CX391-15 Health and the Environment from Antiquity to Renaissance Venice
Introductory description
Health and the environment are closely connected in ancient thought. As part of the wider 'cosmos' or universe, the same principles apply across creatures - human health and illness thus reflect the essential qualities of their environment (air, water, landscape, climate, food...). Similar ideas continue to operate in Renaissance Europe and inform state responses to rising epidemics such as the plague, accelerating the development of public health strategies. Venice offers a particularly stimulating case study: a very special environment (lagoon, small islands with high density) in combination with its maritime empire and connections created challenging conditions which the State attempted to bring under control.

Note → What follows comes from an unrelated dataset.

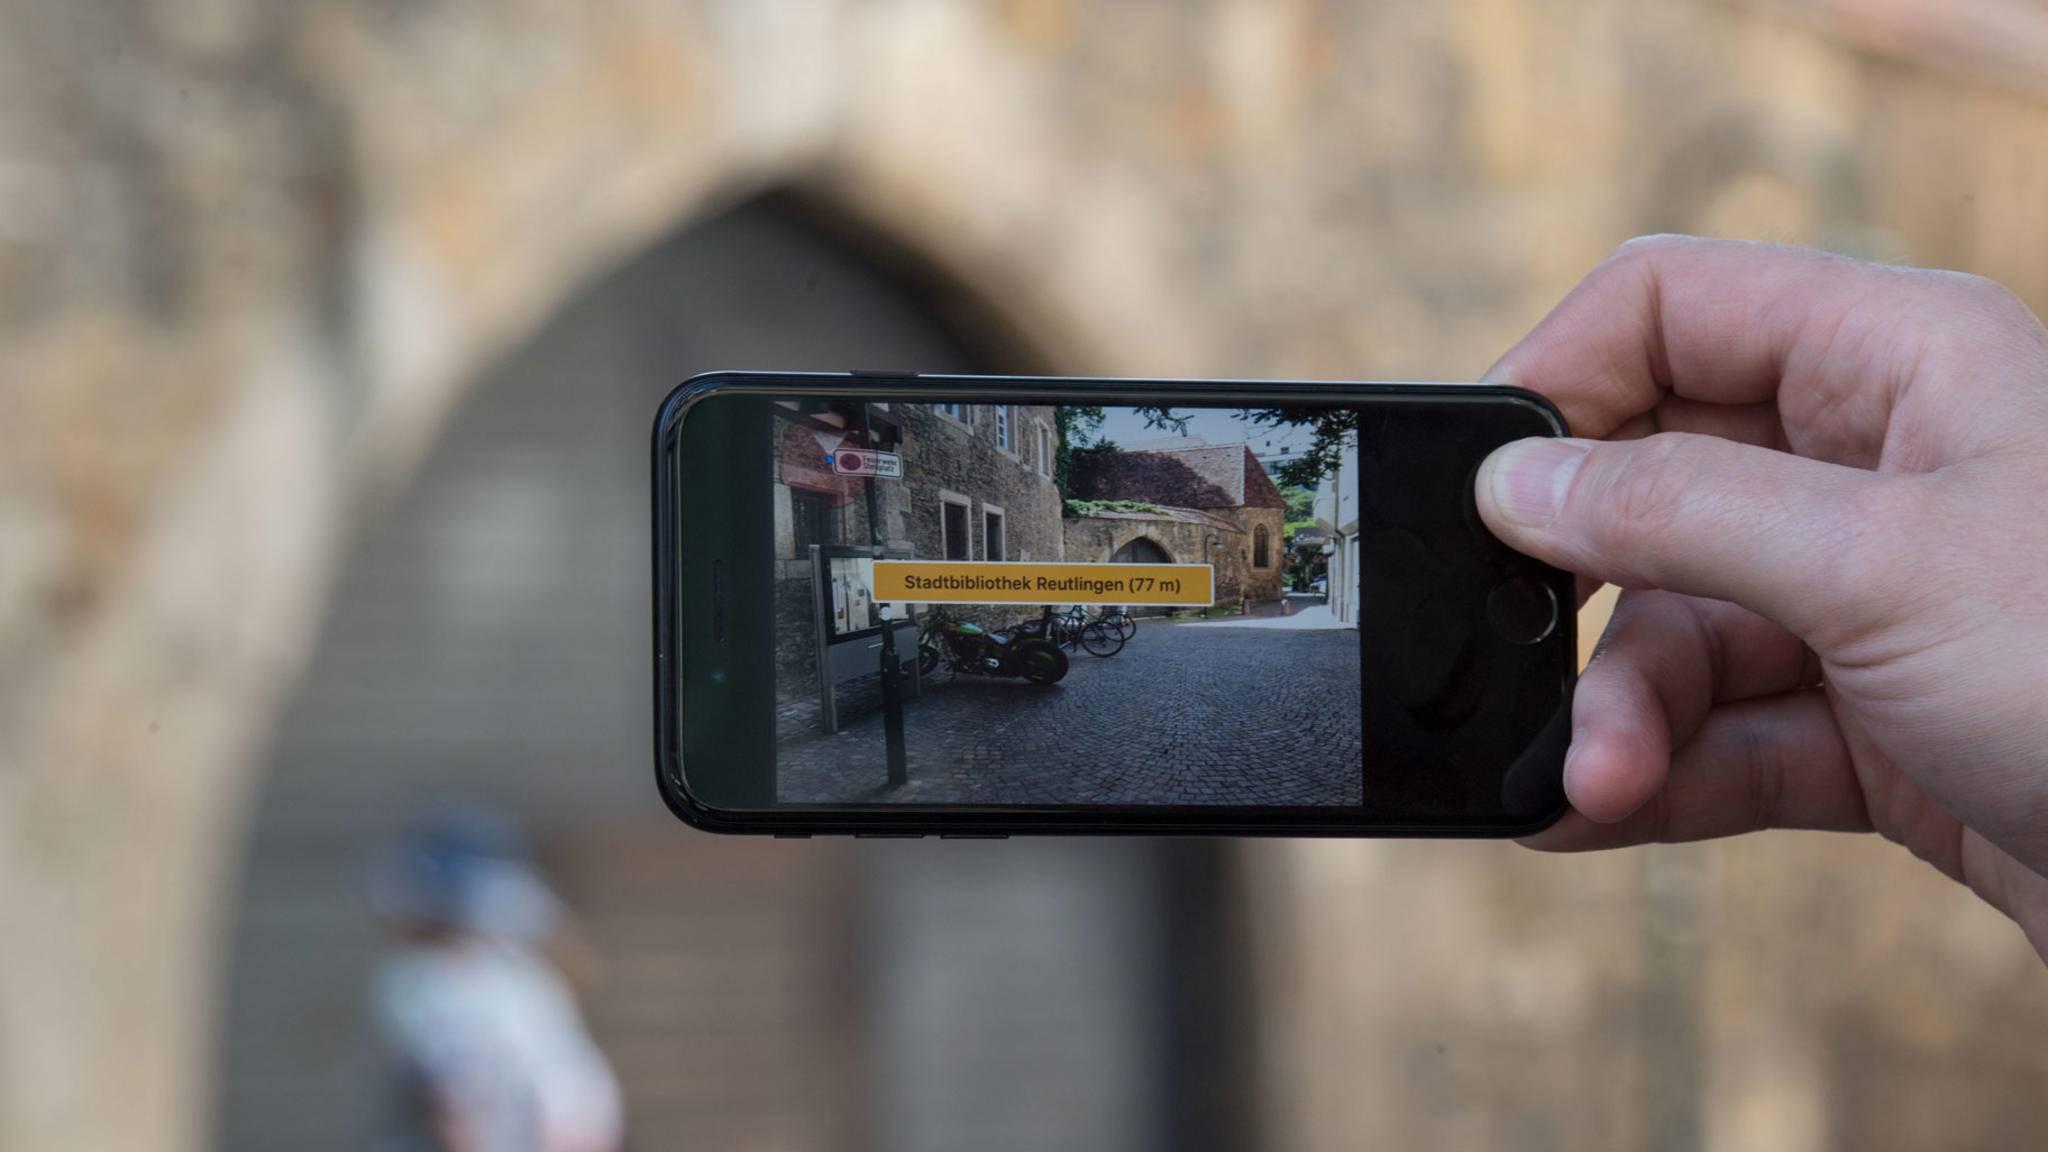 Interaktive Landkarten sind nur einer von vielen Anwendungsbereichen für Augmented Reality.

This module will take you from ancient ideas on health and the environment, contagion, and epidemics, through to early modern understanding of ancient thought and new diseases. You will study in depth the distinctive case of Renaissance Venice, through texts and related site visits. You will develop the ability to think critically about how and why it is important to think of the environment in relation with health; how and why ancient epidemics matter to our understanding of the new ones; and how public health as a field emerged from responses to earlier health crises.
Module aims
Through a series of thematic lectures, students will examine ancient and early modern ideas about health and evaluate various historical responses to health crises in their respective environments. The students will be invited to reflect on notions of health, illness, the environment and what possible responses can be offered, both at a personal and collective level. Students will be invited to engage meaningfully with the historical case and environment of Venice through local visits and tasks. They will be asked to communicate between themselves and to different types of audiences in the aftermath of the module. Site visits (including the Jewish ghetto, cemeteries, lazzaretto in Venice as well as sites in nearby Padua) will help the students imagine and experience the particular challenges to health posed by the Venetian environment, and the community responses to them (medical, religious, artistic, political).
Outline syllabus
This is an indicative module outline only to give an indication of the sort of topics that may be covered. Actual sessions held may differ.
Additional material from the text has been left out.